- Matplotlib 3.0 Cookbook
- Srinivasa Rao Poladi
- 313字
- 2025-04-04 16:06:37
There's more...
On the y axis, instead of plotting frequency, you can plot the percentage of the sum of all the entries in the grp_exp list in each bin, by specifying density=1 in plt.hist().

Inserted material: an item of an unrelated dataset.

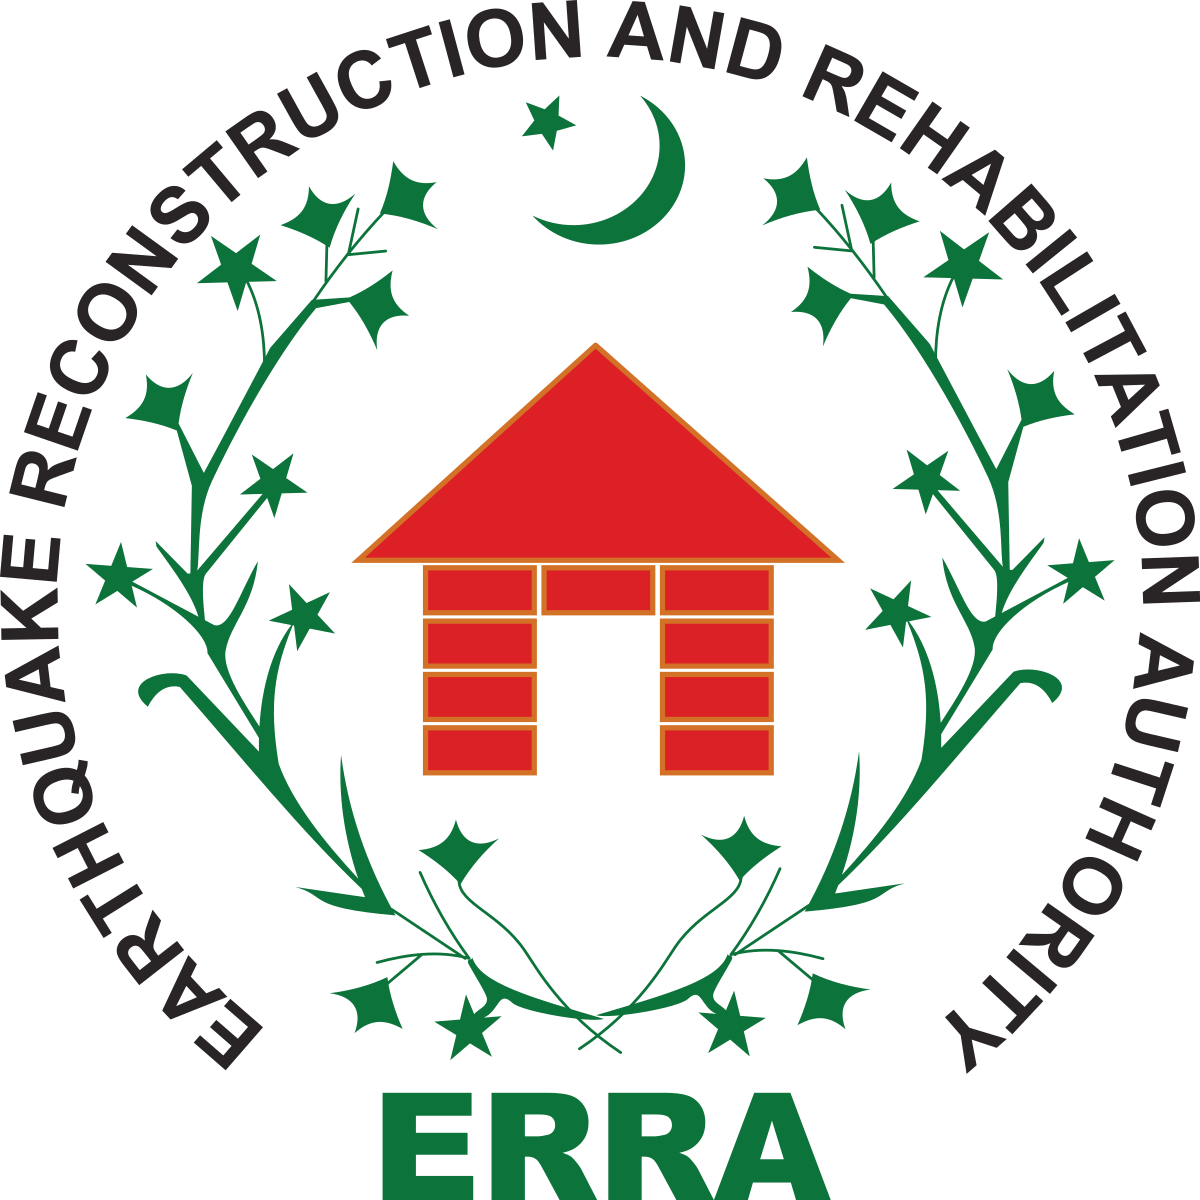 Earthquake Reconstruction and Rehabilitation Authority - Wikipedia1200 x 1200

You can also plot approximate normal distribution using the mean and standard deviation of this data to see how well this distribution follows a normal distribution:
- Create a NumPy array with work (years) of participants of a lateral training class:
grp_exp = np.array([12, 15, 13, 20, 19, 20, 11, 19, 11, 12, 19, 13,
12, 10, 6, 19, 3, 1, 1, 0, 4, 4, 6, 5, 3, 7, 12,
7, 9, 8, 12, 11, 11, 18, 19, 18, 19, 3, 6, 5, 6,
9, 11, 10, 14, 14, 16, 17, 17, 19, 0, 2, 0, 3,
1, 4, 6, 6, 8, 7, 7, 6, 7, 11, 11, 10, 11, 10,
13, 13, 15, 18, 20, 19, 1, 10, 8, 16, 19, 19,
17, 16, 11, 1, 10, 13, 15, 3, 8, 6, 9, 10, 15,
19, 2, 4, 5, 6, 9, 11, 10, 9, 10, 9, 15, 16, 18,
13])
- Plot the distribution of experience:
nbins = 21
n, bins, patches = plt.hist(grp_exp, bins = nbins, density=1)
- Add axis labels:
plt.xlabel("Experience in years")
plt.ylabel("Percentage")
plt.title("Distribution of Experience in a Lateral Training
Program")
- Compute the mean (mu) and the standard deviation (sigma) for grp_exp data:
mu = grp_exp.mean()
sigma = grp_exp.std()
- Add a best-fit line for normal distribution with mu and sigma computed:
y = ((1 / (np.sqrt(2 * np.pi) * sigma)) * np.exp(-0.5 * (1 / sigma
* (bins - mu))**2))
plt.plot(bins, y, '--')
- Display the plot on the screen:
plt.show()
Here is how the output plot looks:

Clearly, the data is not following a normal distribution, as there too many bins way above or way below the best fit for a normal curve.